__The task__
Restate the data below word for word, and let no image into your version.

__Information provided__
▬▬▬

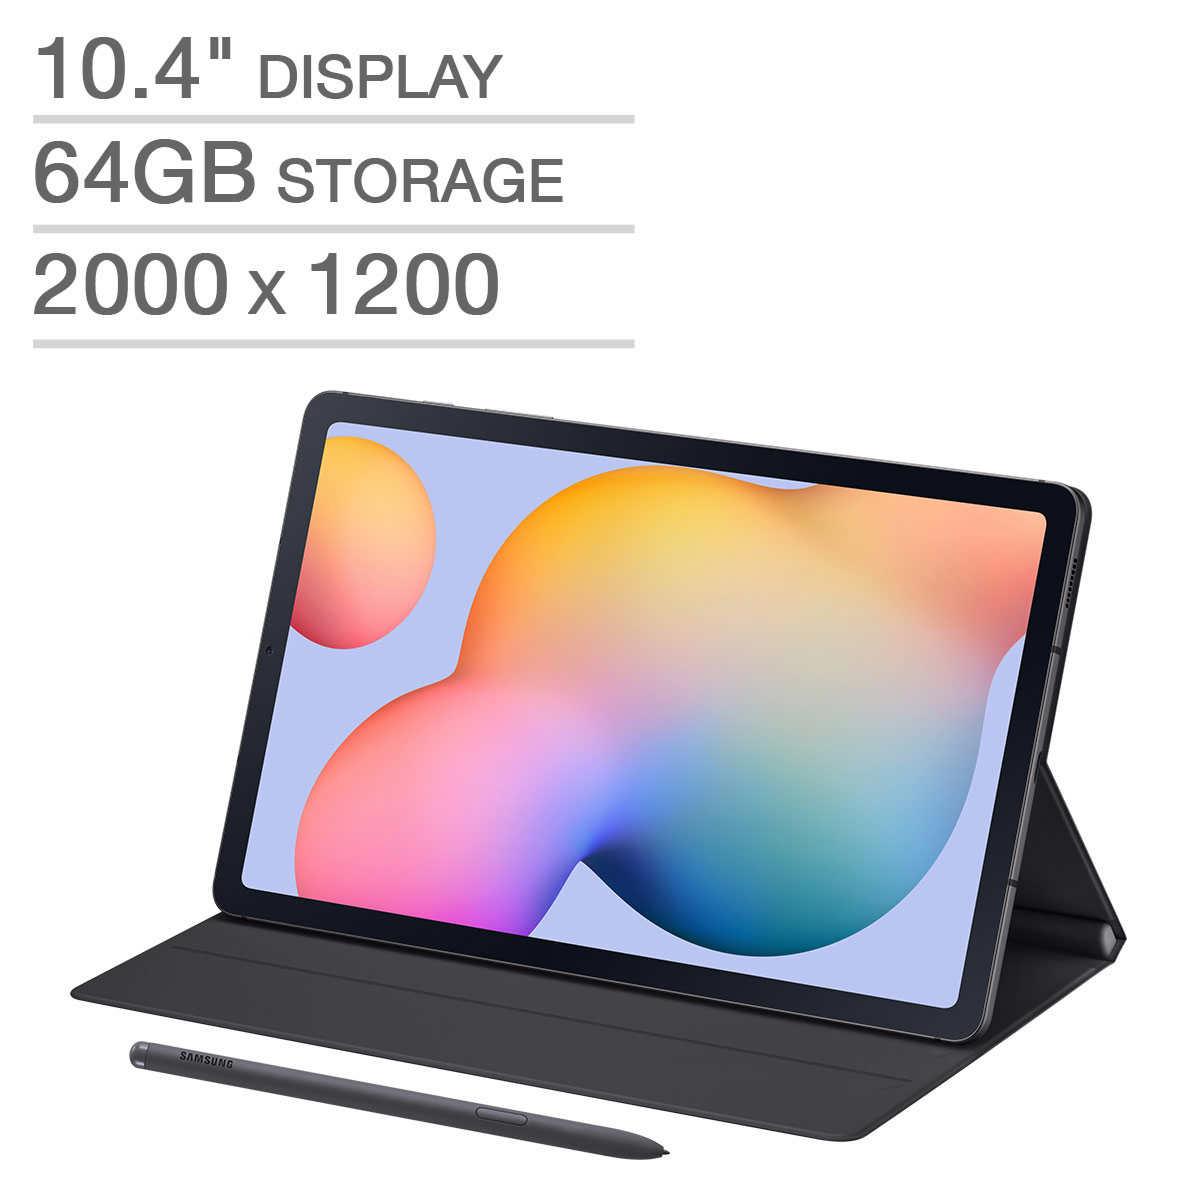 삼성 갤럭시탭S6 라이트 64GB 10.4 인치 WiFi SM-P610 펜포함 정품 북커버 무료 증정
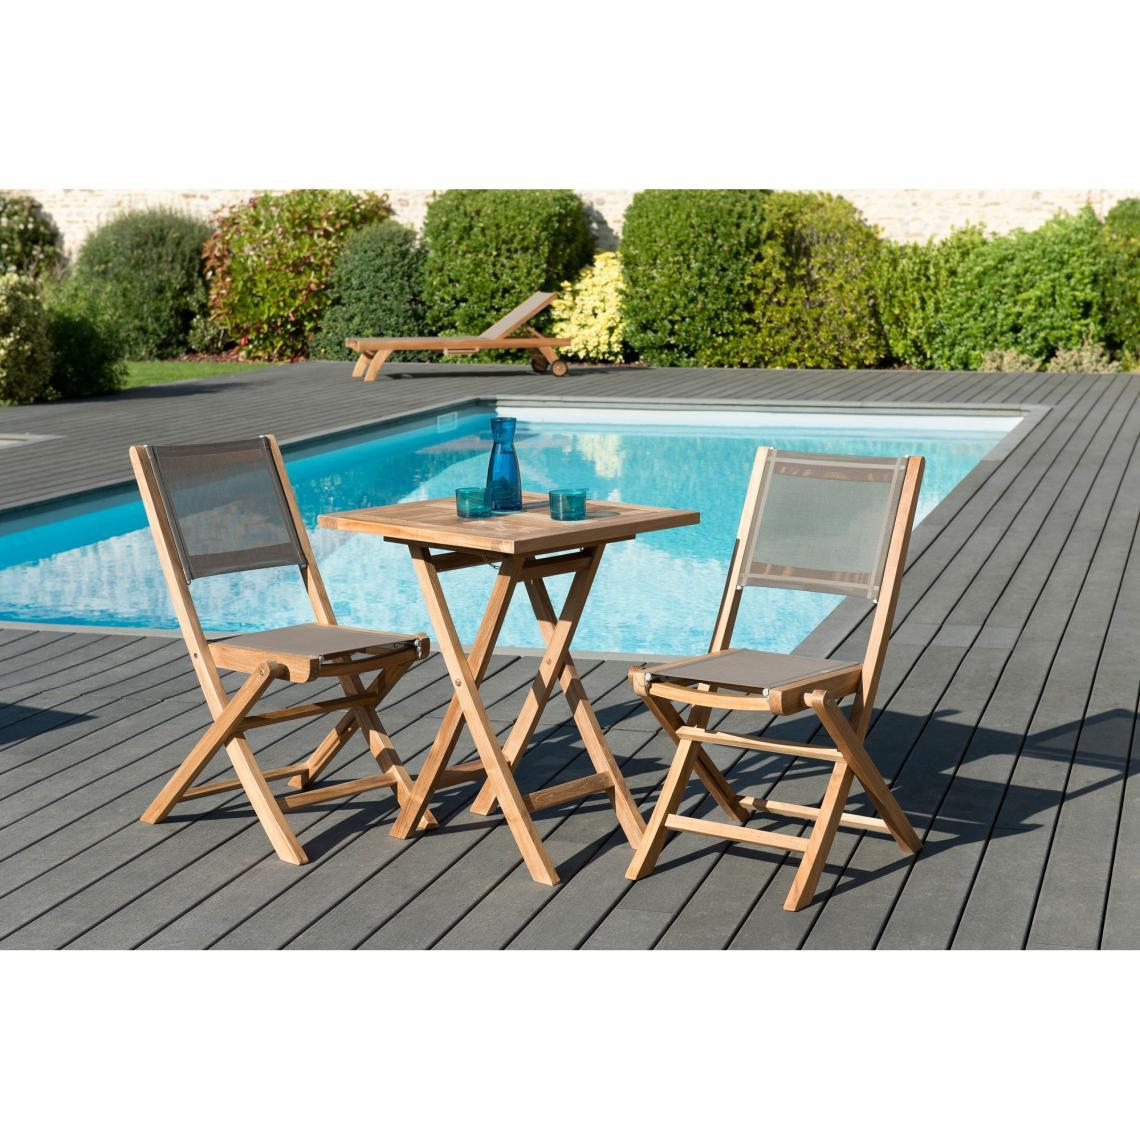 Teck pliante textile pliantes teck cm2 chaises Ensemble massif carrée en table et 60 m80wvNOn
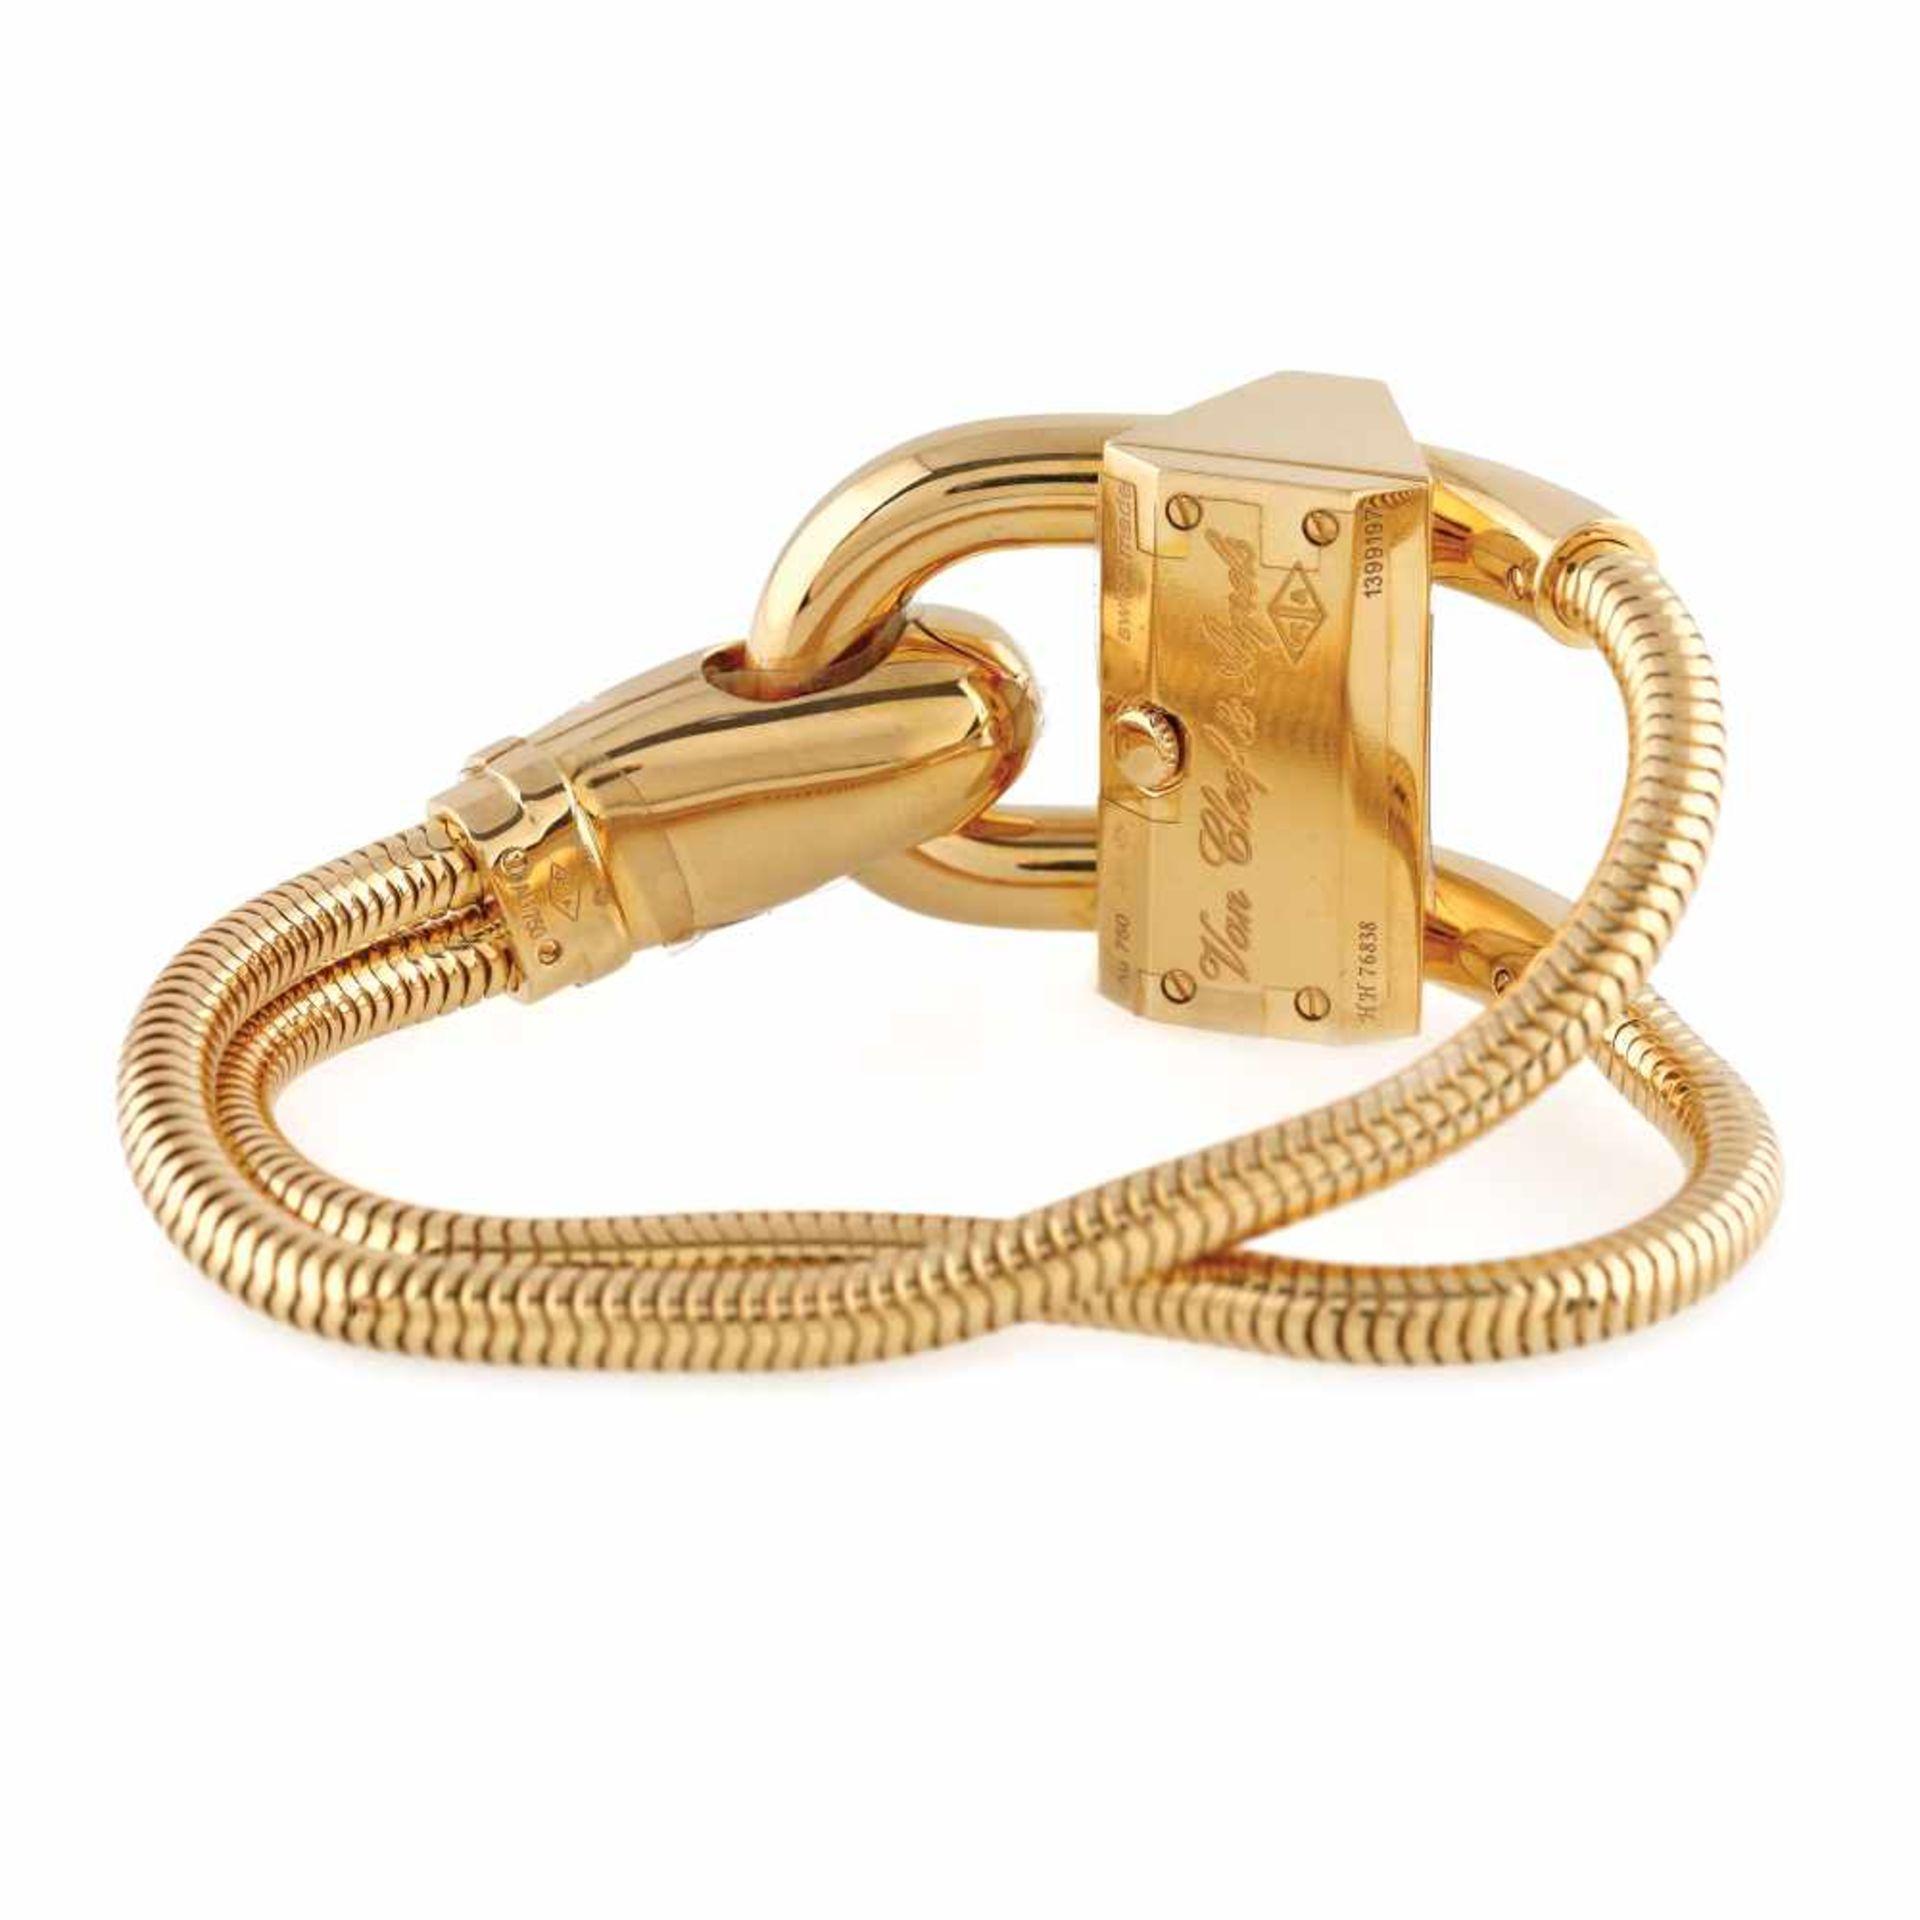 Van Cleef & Arpels Cadenas bracelet watch, gold, women - Bild 4 aus 5

▬▬▬

__Expected output__
 삼성 갤럭시탭S6 라이트 64GB 10.4 인치 WiFi SM-P610 펜포함 정품 북커버 무료 증정
 Teck pliante textile pliantes teck cm2 chaises Ensemble massif carrée en table et 60 m80wvNOn
 Van Cleef & Arpels Cadenas bracelet watch, gold, women - Bild 4 aus 5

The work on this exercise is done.